Jak Komorowski orderami Rosjan obwieszał

Posted in ■ aktualności by Maciejewski Kazimierz on 7 czerwca 2010

Dwie godziny po katastrofie ze skradzionej Andrzejowi Przewoźnikowi karty kredytowej wypłacono w Smoleńsku parę tysięcy złotych, a miesiąc później na miejscu tragedii leżały rzeczy osobiste i szczątki ofiar.

Mimo to 6 maja marszałek Komorowski odznaczył 20 Rosjan za „wybitne zasługi” w działaniach po katastrofie.
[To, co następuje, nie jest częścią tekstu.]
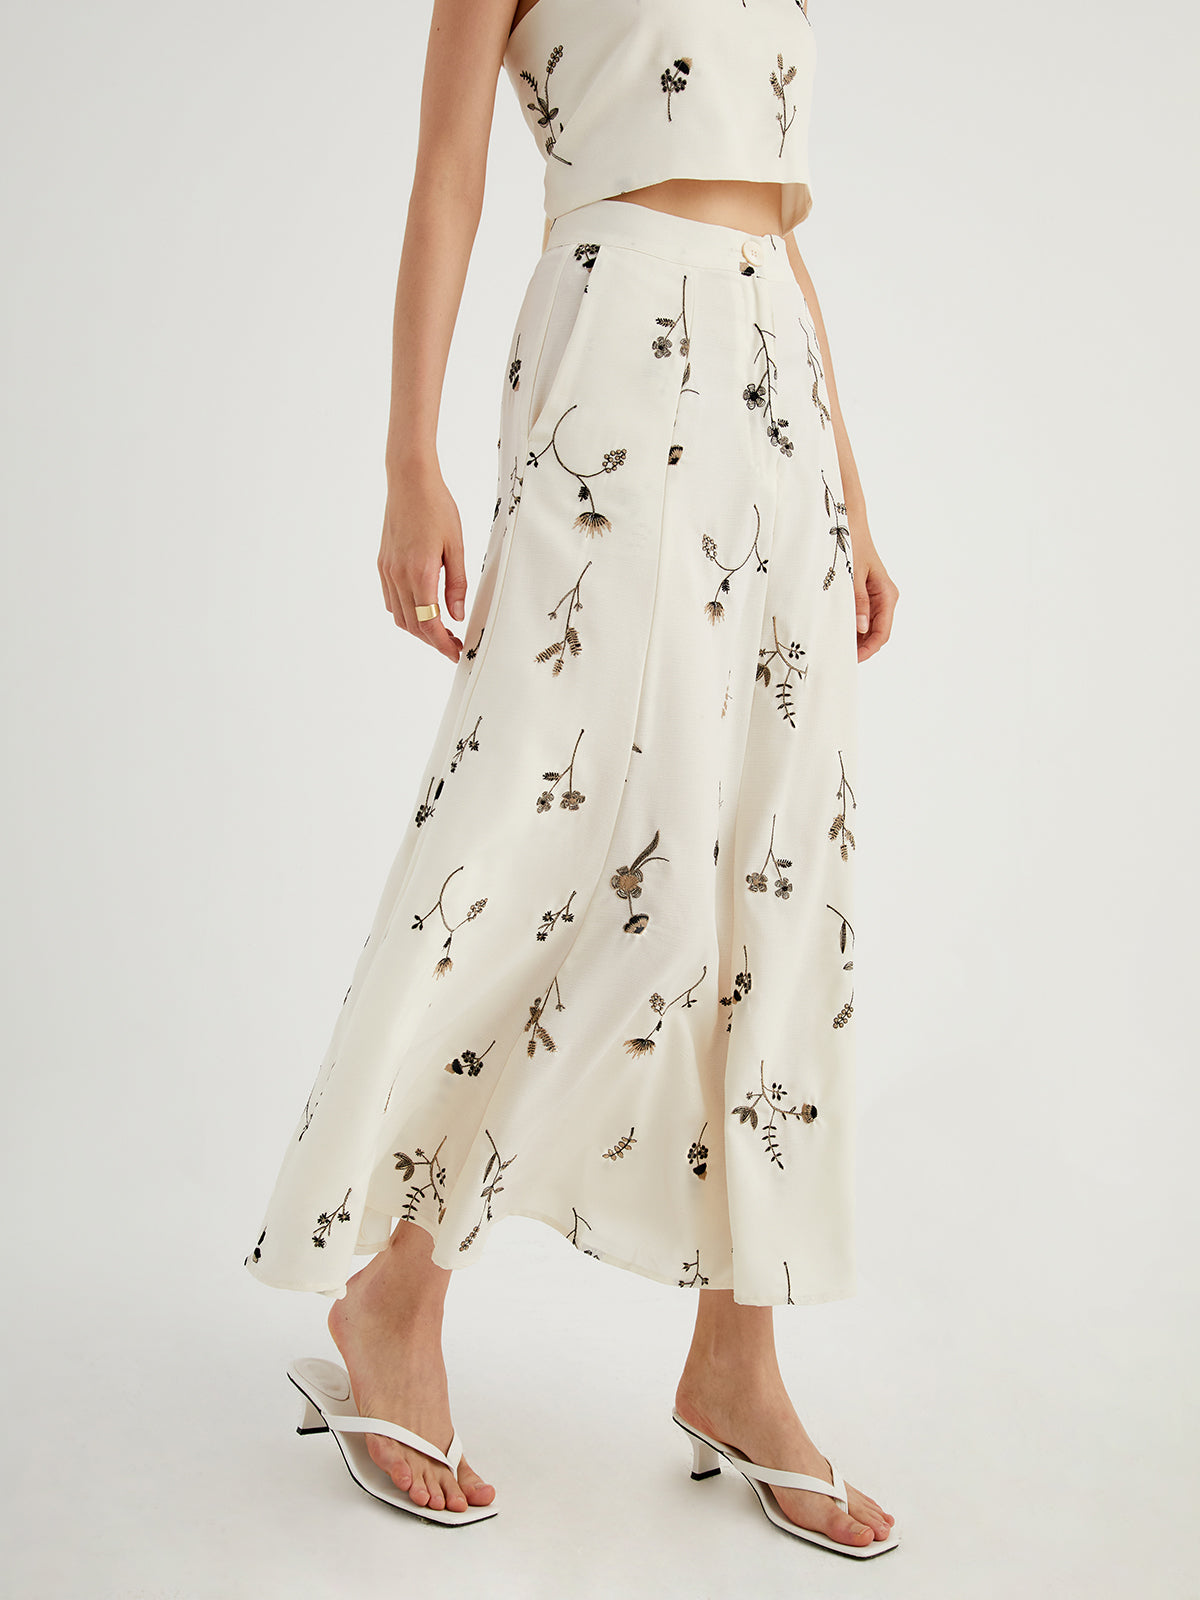 Embroidered Floral Long Skirt

O odznaczeniu rosyjskich milicjantów przypomniało wczoraj Ministerstwo Spraw Wewnętrznych Federacji Rosyjskiej. Była to reakcja na słowa rzecznika polskiego rządu Pawła Grasia, który stwierdził, że pieniądze z konta Andrzeja Przewoźnika ukradli funkcjonariusze paramilitarnej jednostki OMON.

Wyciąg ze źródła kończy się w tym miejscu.